Закат, прищурясь красноватым глазом,
нацеливает узкие лучи.
* * *
Как снежная пушка, бесшумным зарядом
набухла пушистая мгла,
и терпкая горечь по всем, кто не рядом,
упруго за горло взяла.
В тоскливое время распухших миндалин
согрей себе чай с молоком.
Ты просто по-русски нелепо ментален,
не стоит грустить ни о ком.
Не видно луны, дело близится к ночи,
мы сами себе сателлит.
Осеннюю песню миндальный молочник
тихонько скулит и скулит.
Смотри, как с беспечною волей цыгана
слетает снежок на поля.
И ясно, за что эта жизнь дорога нам,
и свежесть в молочном тумане циана,
и сладость, и яд миндаля.
Гладиолус
1.
Под первый снег вскрывается граница,
и через сердце тянется, узка,
бесшумная, глухая вереница —
твои потусторонние войска.
Вот так, гуськом, они текут поныне —
с незрячими очками на носу,
и осторожно головы больные
над бледной гололедицей несут.
И к ним уже не страшно впасть в немилость,
тут каждый силуэт тебе знаком,
и та, и та, что вдруг остановилась,
ладонь ко лбу приставив козырьком,
и смотрит в сад, где ты в квадрате света,
и тьма вокруг бормочет и поет,
и теплый дождь, и долго будет лето,
и гладиолус разевает рот.
2.
Не выходи на свежий голос
дождя, что с ночи моросит —
тебя укусит гладиолус
и смертной грустью заразит.
Вот так и стой, пока под веки
течет вельветовая тьма.
И ничего — ни зги, ни вехи,
лишь одиночество ума.
Лишь бормотанье, вздохи, всхлипы —
сырого сада колдовство.
Твой лоб невидимые липы
облепят мокрою листвой.
И ты, разинув третье око,
заглянешь в собственную тьму:
там тоже дождь, и одиноко
фонарик, брошенный в осоку,
мерцает никому.
* * *
Нету солнца которые
сутки,
облаками затянута высь.
Охренительно правы по сути,
мы по форме опять напились.
Опускается ниже и ниже
облаков обложная гряда.
Чтоб не ведать, что больше не вижу,
я смотреть не желаю туда,
где в тумане слоистом и вязком
исчезает последний редут —
никакие там гама да васко,
хоть убей, ни черта не найдут:
ни страны, ни зверюшки-тотема,
чтобы плакать, уткнувшись в него.
Исчерпалась навязшая тема,
ничего уже нет, ничего.
Ты сидишь неподвижный и белый,
словно мелом измазанный мим.
Я смотрю на тебя онемело:
что же стало с владеньем моим?
Вот тебе и весна-чаровница
с вдохновенной ее чепухой.
Что еще может с нами случиться
кроме солнца над черной рекой,
где откроется правда-изнанка
на безжалостно трезвом свету…
Посмотрю на тебя, словно Ванга,
и под черную воду уйду.
Журавлики
Я злая и противная, я ненавижу всех.
Сижу в убогой комнате, журавликов леплю:
вставляю в птичку каждую свой самый смертный грех,
и продаю на рынке их за штуку по рублю.
А птичку прикупившие с ней прибегут домой,
сожрут, давясь и чавкая, и пальцы обсосут.
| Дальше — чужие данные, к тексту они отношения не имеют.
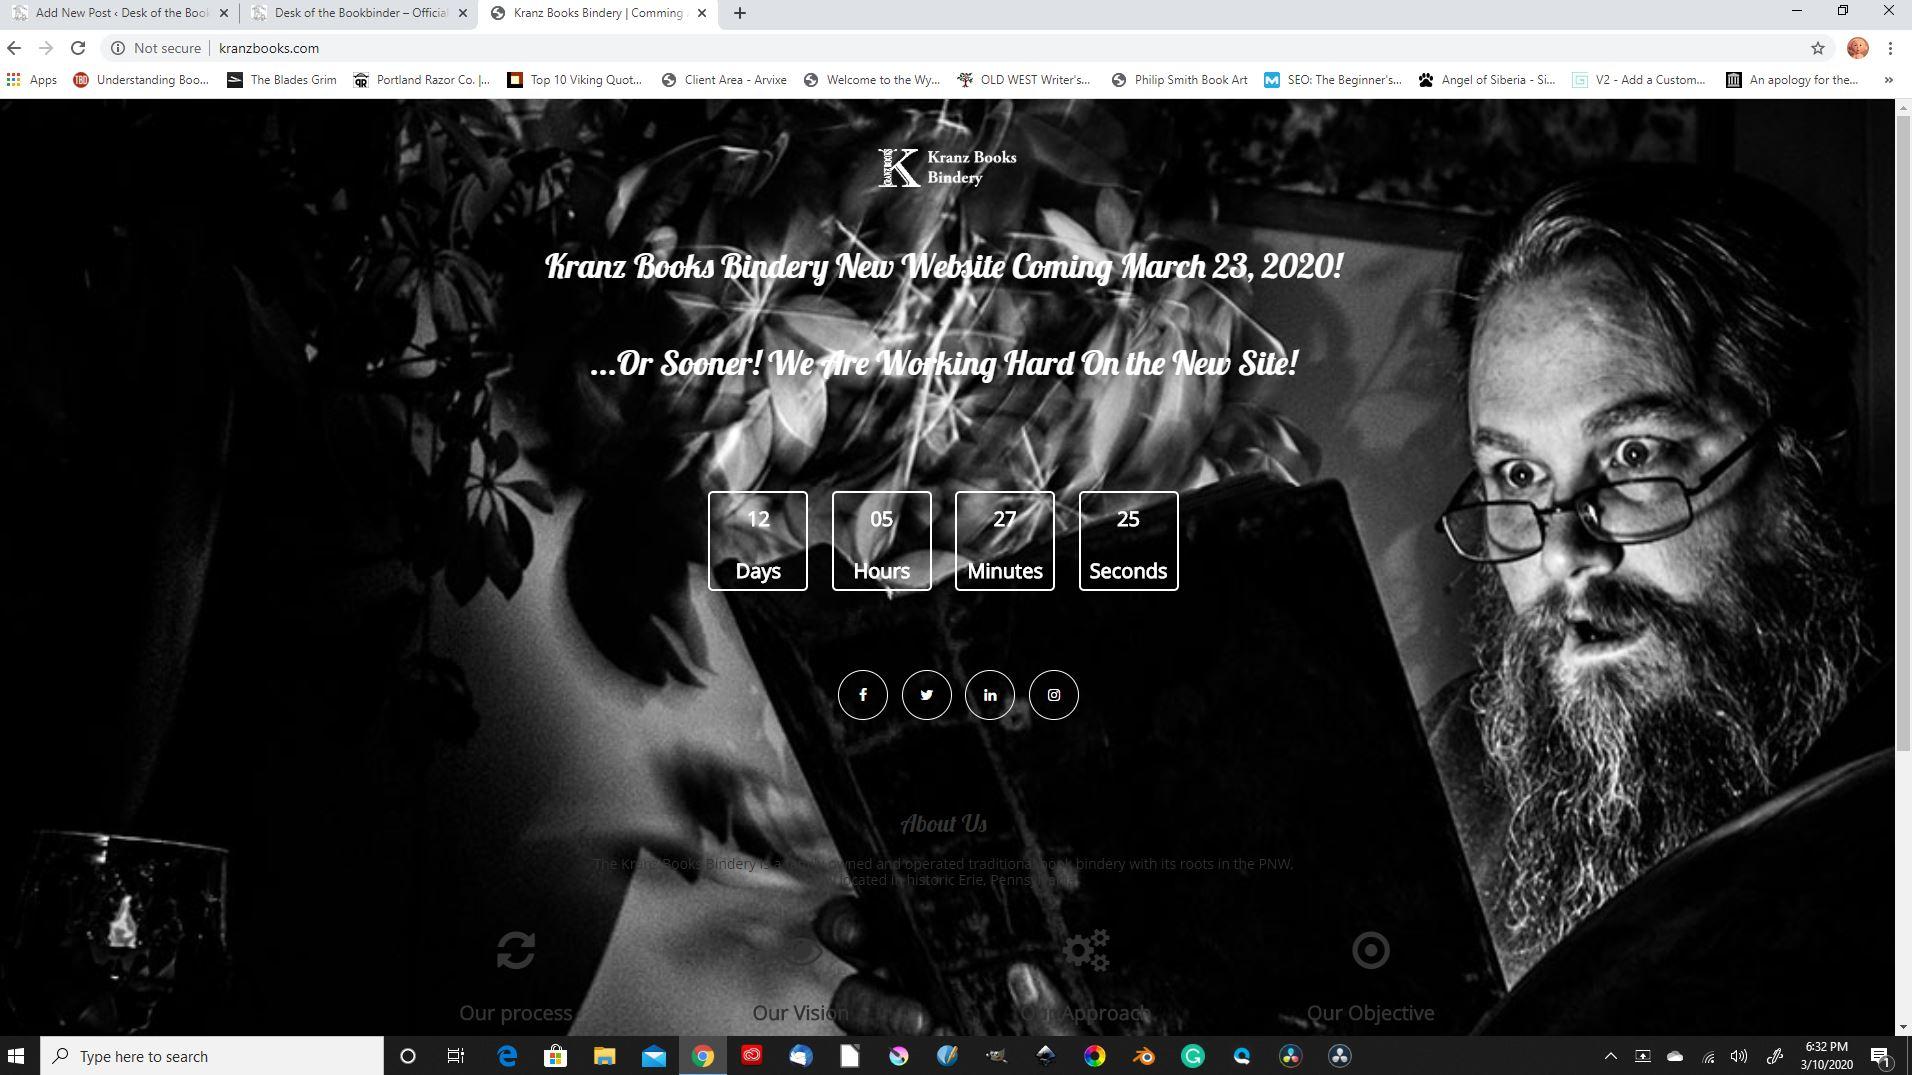 Website Countdown Image

И станет мой грешок тогда практически не мой,
перетекая сумрачно в доверчивый сосуд.
А я леплю, хихикая, и мне не прекратить.
Сидят на полках птенчики и на меня глядят —
и столько их налеплено, что всех и не простить
ни богу, ни товарищу и никому подряд.
А если детка-детская журавлика возьмет
и скажет: «Мама-папочка, я это не хочу»,
ей руки-ноги выкрутят и будут круглый год
водить в плохую комнату к недетскому врачу.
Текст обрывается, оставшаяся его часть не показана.